Die größte Indigenen-Organisation Kolumbiens, die rund 800.000 Ureinwohner vertritt, sieht die Existenz der Bewohner des Südzipfels bedroht. Ein Grund ist die unmittelbare Nähe zum Coronavirus Hot Spot Brasilien.
In den Tiefen des Amazonas-Regenwaldes, und in einer der geheimnisvollsten Regionen Kolumbiens leben die Ticuna-Indianer. Sie sind eine der größten indigenen Volksgruppen in Kolumbien, Peru und Brasilien.
Ihre abgeschiedene Lebensform hat sie nicht vor der Coronavirus-Pandemie bewahrt. Im Gegenteil.
Die Nähe zu Brasilien, der größten Quelle des Virus in Lateinamerika, hat einen Ansteckungskorridor geöffnet, so dass diese Region mit 30 Covid-19-Fällen pro 100.000 Einwohnern die am stärksten betroffene in Kolumbien ist.
Die größte Tragödie für diese Völker ist der Verlust lebenswichtigen Wissens, das von den Älteren seit Generatioinen weitergegeben wird.
Todesfälle wie der von Antonio Bolívar, einem weisen Indigenen, der in dem Schwarz-Weiß-Spielilm "Die Umarmung der Schlange" die Hauptrolle spielte, sind deshalb enorme Verluste.
Laienschauspieler Bolívar starb mit 75 Jahren an Covid-19. Der kolumbianische Regisseur Ciro Guerra begibt sich in dem Film auf die Spuren des deutschen Ethnologen Theodor Koch-Grünberg.

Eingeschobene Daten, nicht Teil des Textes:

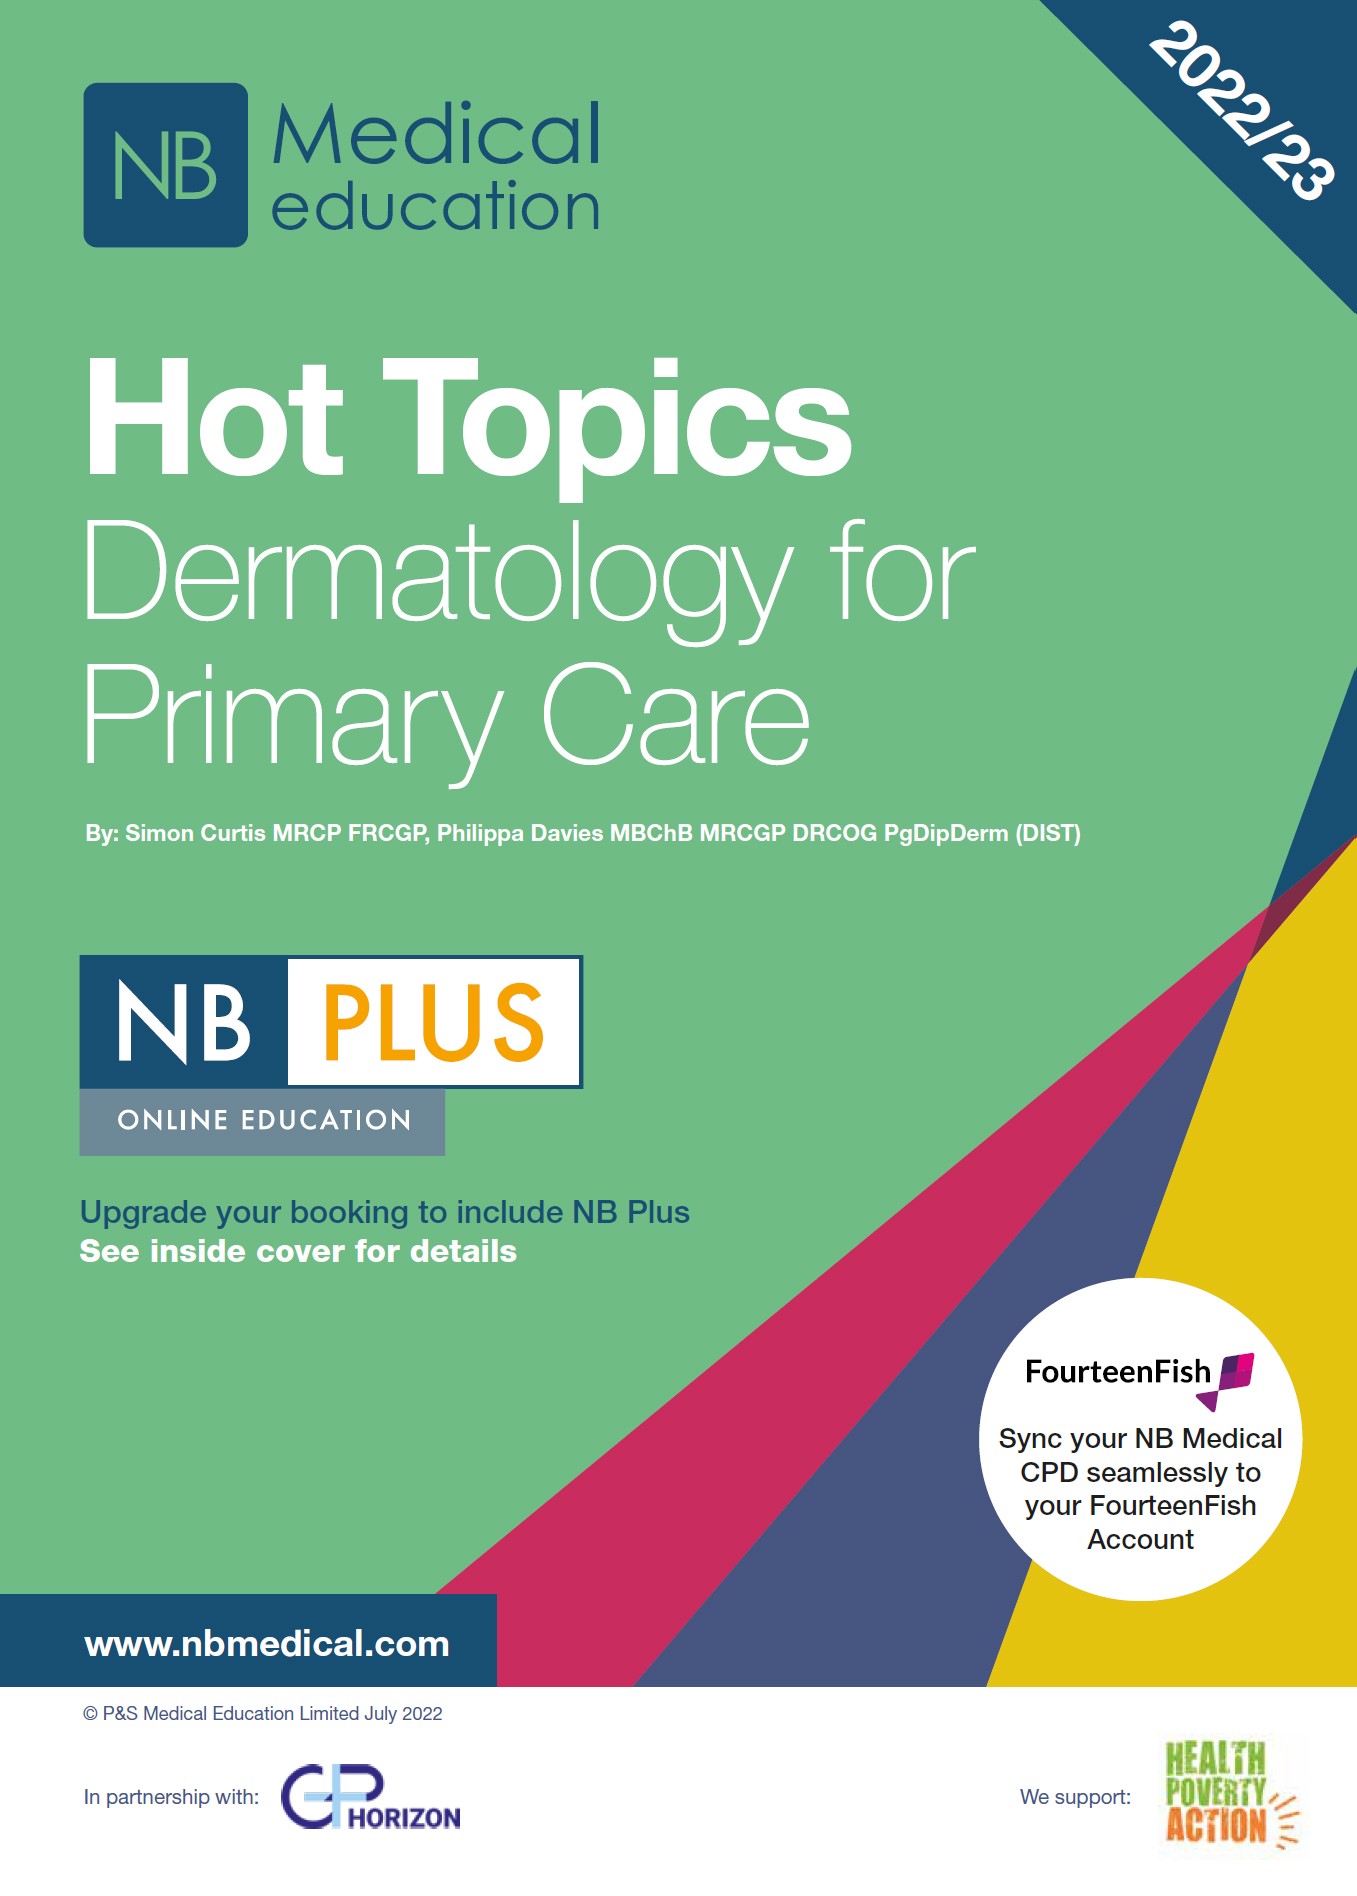 Hot Topics Dermatology in Primary Care 2022-2023 Booklet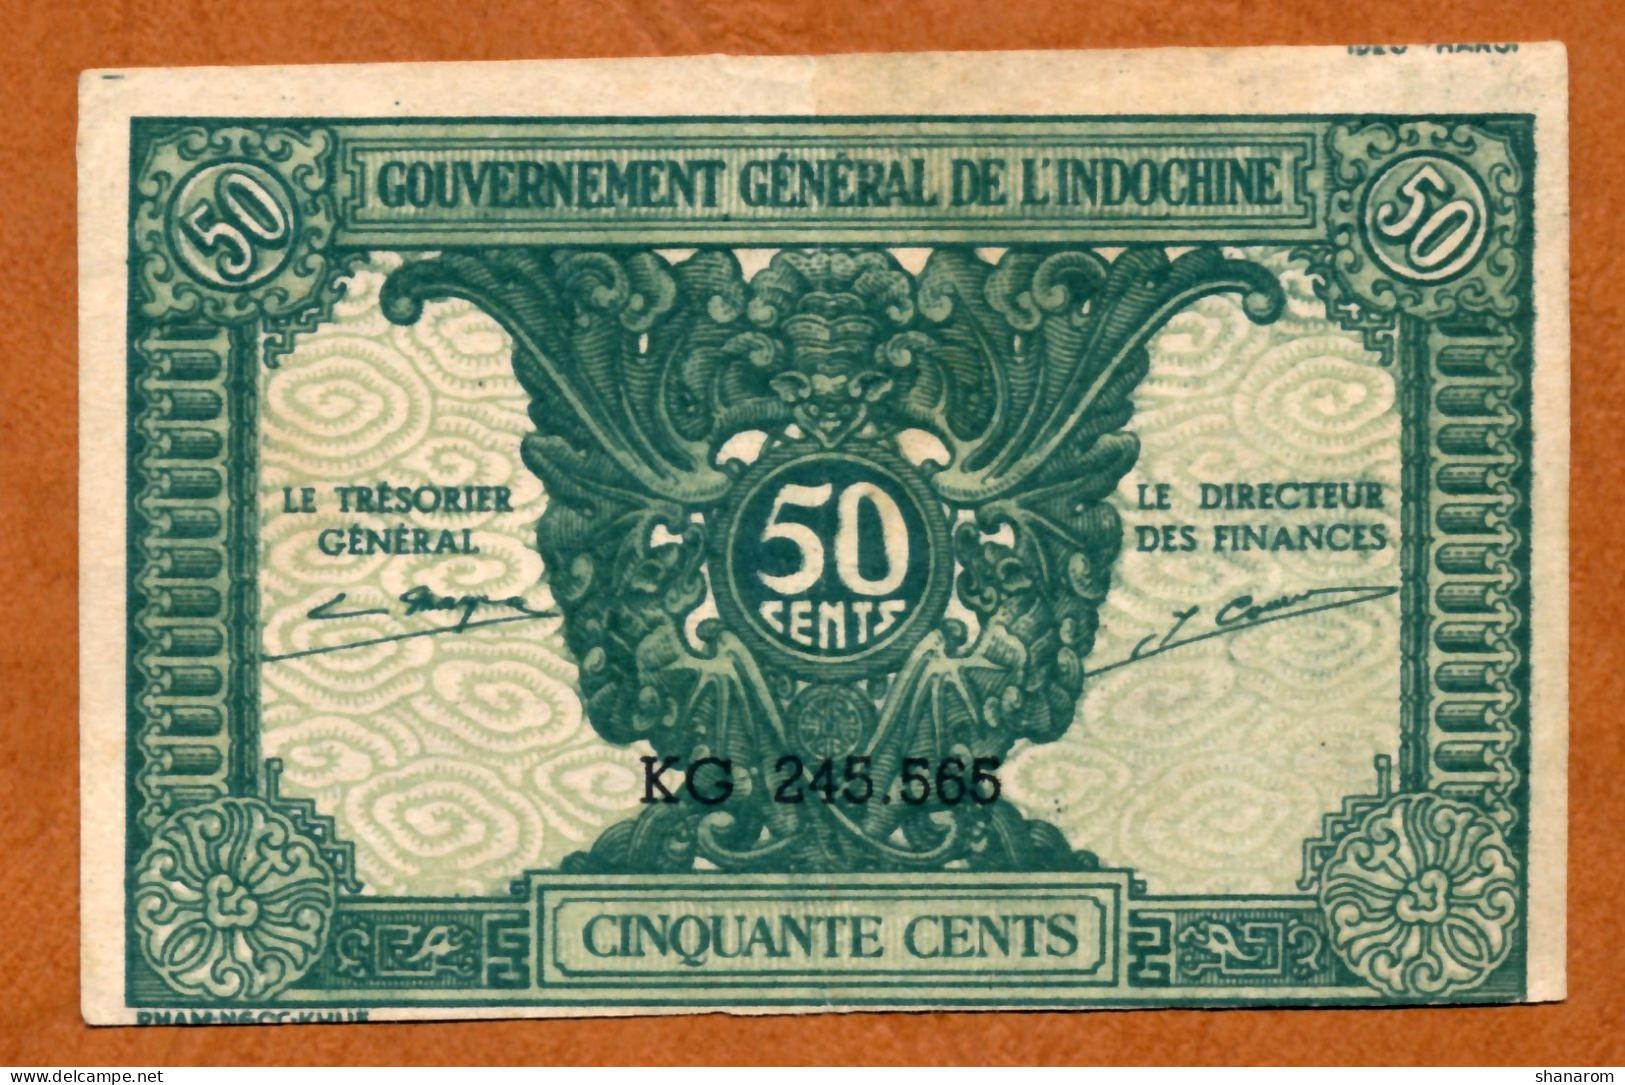 1943 // INDOCHINE // GOUVERNEMENT GENERAL // Cinquante Cents // SUP // XF - Indochine

Leitfiguren der Ticuna gehören zur Risikogruppe
Remberto Cahuamariist das Oberhaupt der Ticuna-Gemeinschaft von El Progreso. Er macht sich große Sorgen um die Zukunft seines Stammes: "Wenn unsere geistigen und kulturellen Führungspersönlichkeiten hier in unserer Abteilung sterben, bleiben natürlich hauptsächlich junge Menschen zurück. Sie werden in der Zukunft nichts oder nicht mehr viel von unseren Kulturen, Praktiken und Bräuchen wissen. Wenn wir unsere Großeltern verlieren, haben wir keine Vorbilder mehr und keine Leitfigur, der sich um uns kümmert und uns führt."
In der nächstgrößeren Stadt Leticia im äußersten Südzipfel Kolumbiens gibt es weder Labors, um Tests zu bearbeiten, noch befestigte Straßenverbindungen in den Norden des Landes..
Im ganzen Departamento gibt es nur ein einziges öffentliches Krankenhaus, ohne Intensivstation. Es steht kurz vor dem Kollaps, weil das Coronavirus um sich greift.
Fremdkörper Mund-Nase-Schutz
Aus der Not heraus versuchen die Indigenen, sich mit Schutzmaßnahmen anzufreunden, die ihnen von Grund auf fremd sind.
Dazu noch einmal Remberto Cahuamari: "Wir sind es nicht gewohnt, diese Masken zu verwenden. Aber da die Pandemie hier und auf der ganzen Welt stattfindet...mit der Hilfe, die wir empfangen, und dem Wenigen, das wir haben, müssen wir uns daran halten."
Leticia liegt genau im Dreiländereck zwischen Kolumbien, Peru und Brasilien. Nicht weit entfernt ist die 50.000 Einwohner zählende brasilianische Grenzstadt Tabatinga. Und das ist ein Problem. Fünf der zehn ersten in Leticia registrierten Covid-19-Infektionen wurden nachweislich aus Brasilien importiert.
Nach Angaben der National Indigenous Organization of Colombia, die landesweit für die Interessen von 800.000 Indigenen eintriott, sind die Ticuna hier aufgrund der Pandemie "vom Aussterben bedroht".